For single-hidden layer networks, we evaluated networks of different width, with the number of hidden neurons ranging from 100 to 6,000. For each network architecture and training-set size, we repeated model optimization five times using different initializing conditions, with the average MSE of the test set from the five resulting models considered as the MSE of the network architecture. Table 1 summarizes the numerical evaluation as a function of hidden neurons and number of compounds in the training sets, showing that with a large number of training samples (i.e., ≥ 10,000), the number of hidden neurons did not have an impact on model performance. However, when the training set was smaller, models with too few (i.e., 100) or too many (i.e., 4,000 and 6,000) hidden neurons appeared to perform worse than models with 500-2,000 hidden neurons. Overall, the results are in line with the well-known observation that the larger the number of training samples, the better the model. The model improvement resulting from increasing the training-set size is roughly constant at 10% when doubling the training set size. Given that the absolute error is the largest of the smallest dataset, we can note that the largest absolute benefit in reducing prediction errors using transfer learning will occur for the smallest training sets.

Table 1

Mean squared error (standard deviation) of test-set compounds for predicting A549 cell inhibition using a single-hidden layer neural network trained as a function of increasing training-set size and with a variable number of neurons in the hidden layer. The data show that models with too few (e.g., 100) or too many (e.g., 6,000) hidden neurons do not perform well when trained by small training sets. Doubling the number of compounds in the training set roughly reduced the relative error by 10%. The units of the errors are given in (log₁₀(mol/l))², and the smallest error for each set of training compounds are indicated in boldface font.
Number of hidden neurons	Number of training compounds
Number of hidden neurons	500	1,000	2,000	3,000	4,000	10,000	20,000	30,000	40,000
100	0.82 (0.04)	0.74 (0.02)	0.65 (0.02)	0.62 (0.03)	0.59 (0.02)	0.47 (0.02)	0.43 (0.02)	0.40 (0.01)	0.38 (0.01)
500	0.73 (0.03)	0.67 (0.03)	0.61 (0.03)	0.58 (0.03)	0.55 (0.02)	0.47 (0.01)	0.42 (0.03)	0.38 (0.01)	0.37 (0.01)
1,000	0.73 (0.04)	0.67 (0.02)	0.60 (0.02)	0.57 (0.03)	0.54 (0.03)	0.46 (0.01)	0.42 (0.02)	0.38 (0.01)	0.38 (0.01)
2,000	0.73 (0.04)	0.67 (0.02)	0.61 (0.02)	0.57 (0.03)	0.55 (0.03)	0.45 (0.02)	0.41 (0.02)	0.39 (0.01)	0.37 (0.01)
4,000	0.74 (0.03)	0.69 (0.02)	0.62 (0.02)	0.58 (0.02)	0.55 (0.02)	0.46 (0.02)	0.42 (0.02)	0.39 (0.01)	0.37 (0.01)
6,000	0.77 (0.04)	0.70 (0.02)	0.63 (0.02)	0.59 (0.02)	0.56 (0.02)	0.46 (0.01)	0.41 (0.02)	0.39 (0.01)	0.38 (0.02)
For Table of Contents Only

Figures 1 and 2 show the corresponding numerical results for DNNs with two and three hidden layers, with the complete datasets presented in Tables S2 and S3, respectively, of the Supplementary Information. Similar to the results of one-hidden layer networks in Table 1, these results show that the most important determinant of model quality was the training sample size. Compared to variations in training-set size, the depth and width of the neural networks had a much smaller impact on model performance, especially when there were more than ~ 4,000 compounds in the training set.

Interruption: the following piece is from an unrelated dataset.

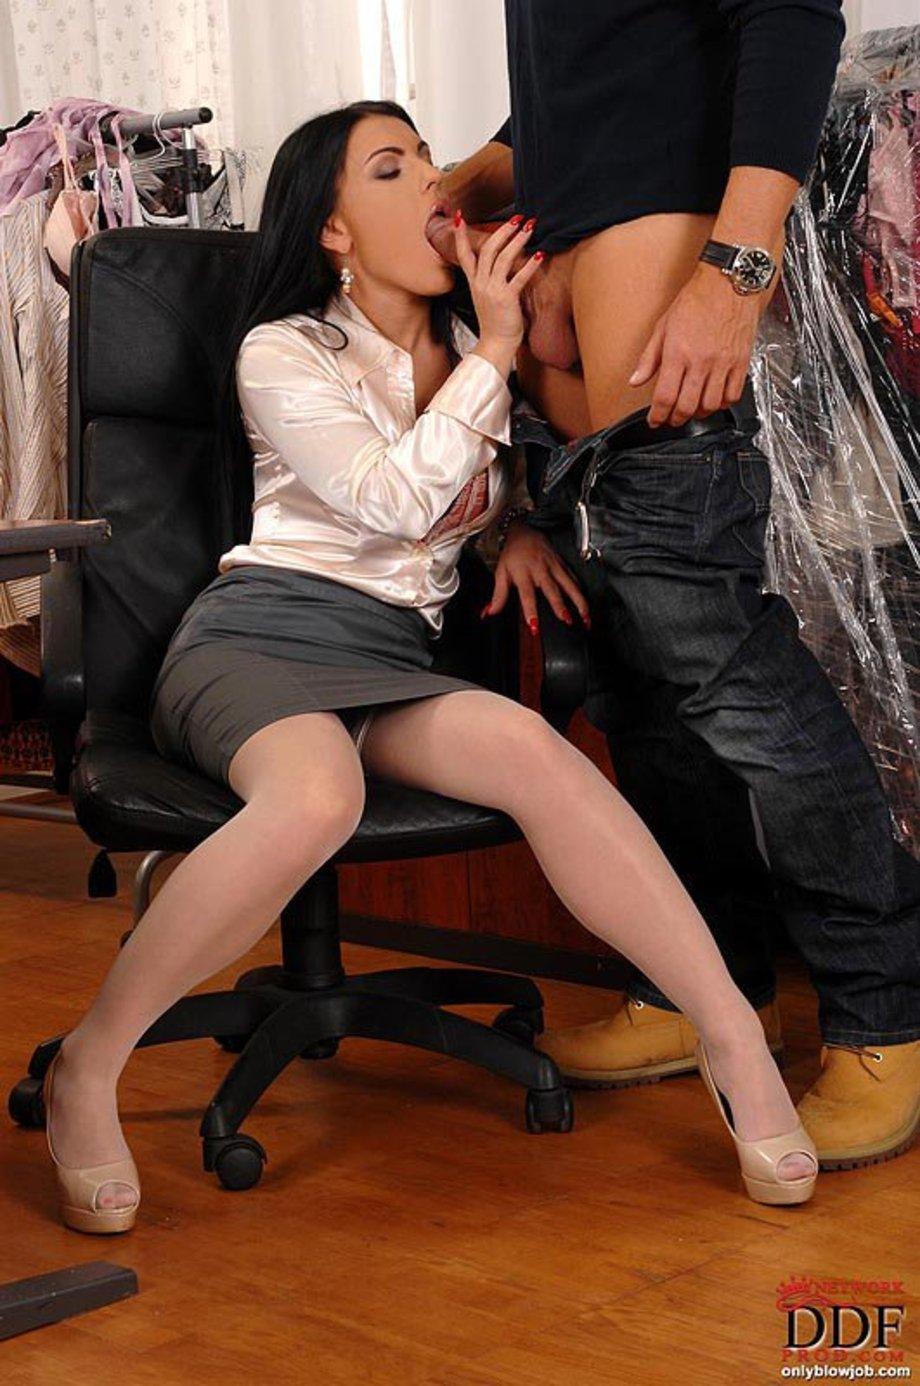 Жесткий порно девушка на высоких каблуках порно фото

Effect of Transferring Parameters from a Data-Rich Model to Develop a Model with Limited Training Data – a Proof-of-Concept Study. To evaluate the effect of transferring parameters from a model trained with a large number of compounds to develop a model with limited experimental data, we initially used A549 data as a data-rich dataset. We first developed a number of different DNN models for predicting pGI₅₀ by randomly splitting the dataset into a 90% training set and a 10% validation set to train A549 prediction models with an increasing number of hidden layers. For these models, we used network architectures sized as 1,024:1,000:1, 1,024:1,000:1,000:1, and 1,024:1,000:1,000:500:1, where the initial nodes of size 1024 correspond to the number of input features, and the final single output node represents the predicted pGI₅₀ value. The other integers correspond to the number of hidden neurons in the first, second, and third hidden layers.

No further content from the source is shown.